Wie viele müssen noch jämmerlich ersaufen?

Und wieder einmal ein Krisentreffen der Außen- und Innenminister der EU zu den Tragödien im Mittelmeer, nachdem in der schrecklichen Vorwoche weit über Tausend Flüchtlinge jämmerlich ersoffen sind.

Man sollte den Damen und Herren die sonntägige  ARD-Diskussionsrunde von Günther Jauch vorspielen. Nicht nur wegen der beeindruckenden Trauerminute, zu der ein Gast die Runde und das Publikum und vor allem Jauch überrumpelte. Vor allem wegen der tränentreibenden Schilderung von Maya Alkechen, einer jungen Frau aus Syrien, warum und wie sie mit ihrer Familie über das Meer flüchtete.

Aus der Hölle des syrischen Bürgerkrieges gab es für sie keinen anderen Weg nach Europa als die teuren Dienste von Schleppern. 7 Tage auf einem völlig überfüllten alten Kahn, dauernd der Gedanke, ob ihre Kinder sie oder sie ihre Kinder sterben sehen würde, wenn das Boot untergeht. „Ich wusste, dass ich sterben könnte, aber ich hatte keine andere Wahl.“ Am Ende kam von Maya Alkechen keine Anklage gegen die  Schlepper, sondern Dankbarkeit. Ohne sie hätte sie es nicht aus dem syrischen Grauen in das Asyl in Deutschland schaffen können.

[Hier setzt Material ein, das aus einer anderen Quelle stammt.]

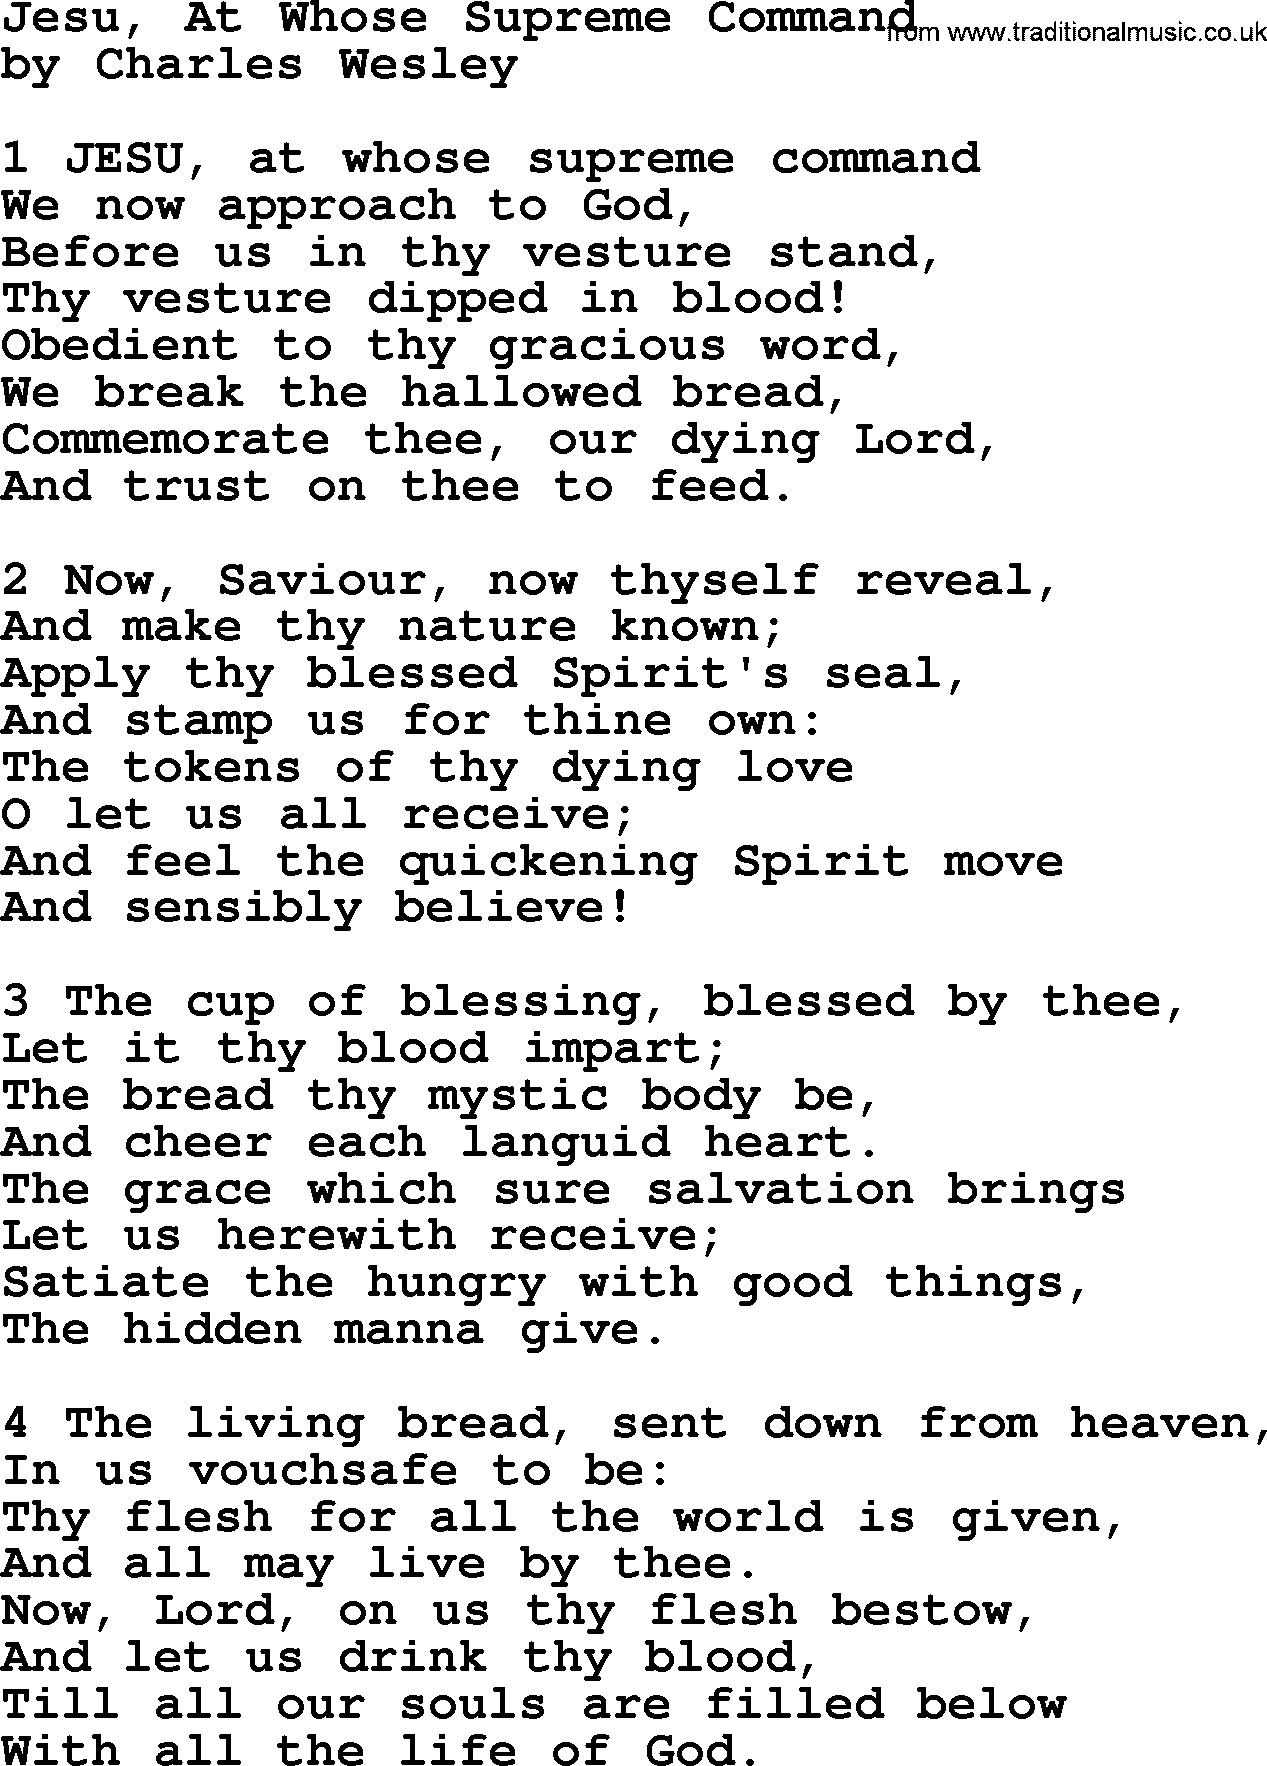 Charles Wesley hymn: Jesu, At Whose Supreme Command, lyrics

Man muss nicht so weit gegen wie der Spitzenjournalist Heribert Prantl, der nach der jüngsten Katastrophe seinen Kommentar in der „Süddeutschen Zeitung“ mit „Diese Union tötet“ überschrieb. Aber gewiss macht sich die EU schwer mitschuldig am Massensterben im Mittelmeer.

100 Millionen  hatte Italien die Aktion „Mare nostrum" gekostet, mit der die italienische Marine den ganzen Raum zwischen Italien und der libyschen Küste überwachte und damit rund 100.000 Flüchtlingen das Leben rettete. Die anderen EU-Staaten weigerten sich, das mitzufinanzieren, weil man damit nur zusätzlich Schleuser anlocke. 100 Millionen, das  sind 0,07 Prozent des EU-Budgets oder, wie Prantl bei Jauch vorrechnete, weniger als die Kosten für das kommende  zweitägige Treffen der G 7 in Bayern.

Aber selbst wenn diese Rettungsaktion endlich wieder reaktiviert würde, könnte damit das Problem der Massenflucht und es Schlepperunwesens nicht annähernd gelöst werden.

Europa als Festung mit Zugbrücken hieß  vor Jahren einmal ein europäischer Lösungsversuch. Gar kein schlechtes Bild.

Die Staaten der EU wären tatsächlich relativ bald in vieler Hinsicht überfordert, wenn man die Millionen Armutsflüchtlinge aus Afrika aufnehmen müsste. Wenn es denn nur auch endlich die Zugbrücken gäbe. Also legale Möglichkeiten für Kriegsflüchtlinge, ihr Asylrecht in Europa in Anspruch nehmen und auf sicheren Transportwegen hierher kommen zu können.

Sowohl für die afrikanische Armutsmigration wie für die legitimen Asylwerber aus den Kriegsgebieten gibt es längst eine Reihe von sehr vernünftigen Lösungsvorschlägen. Wenn die Institutionen und Staaten der EU nur wollten.

Verzweifelte, hoffnungslose Menschen wie Maya Alkechen bleiben als einzige Chance sonst weiter nur die Schlepper und ihre überfüllten Kähne, bleibt sonst nur das extreme Risiko, im Mittelmeer zu ertrinken.

Wenn die EU nur einen Bruchteil der Energie und der Mittel investiert, die sie für die Euro-Rettung ganz rasch aufbrachte, wäre der massenhafte Tod im Mittelmeer bald traurige, für ein humanes und angeblich christlich geprägtes Europa aber auch schändliche Geschichte.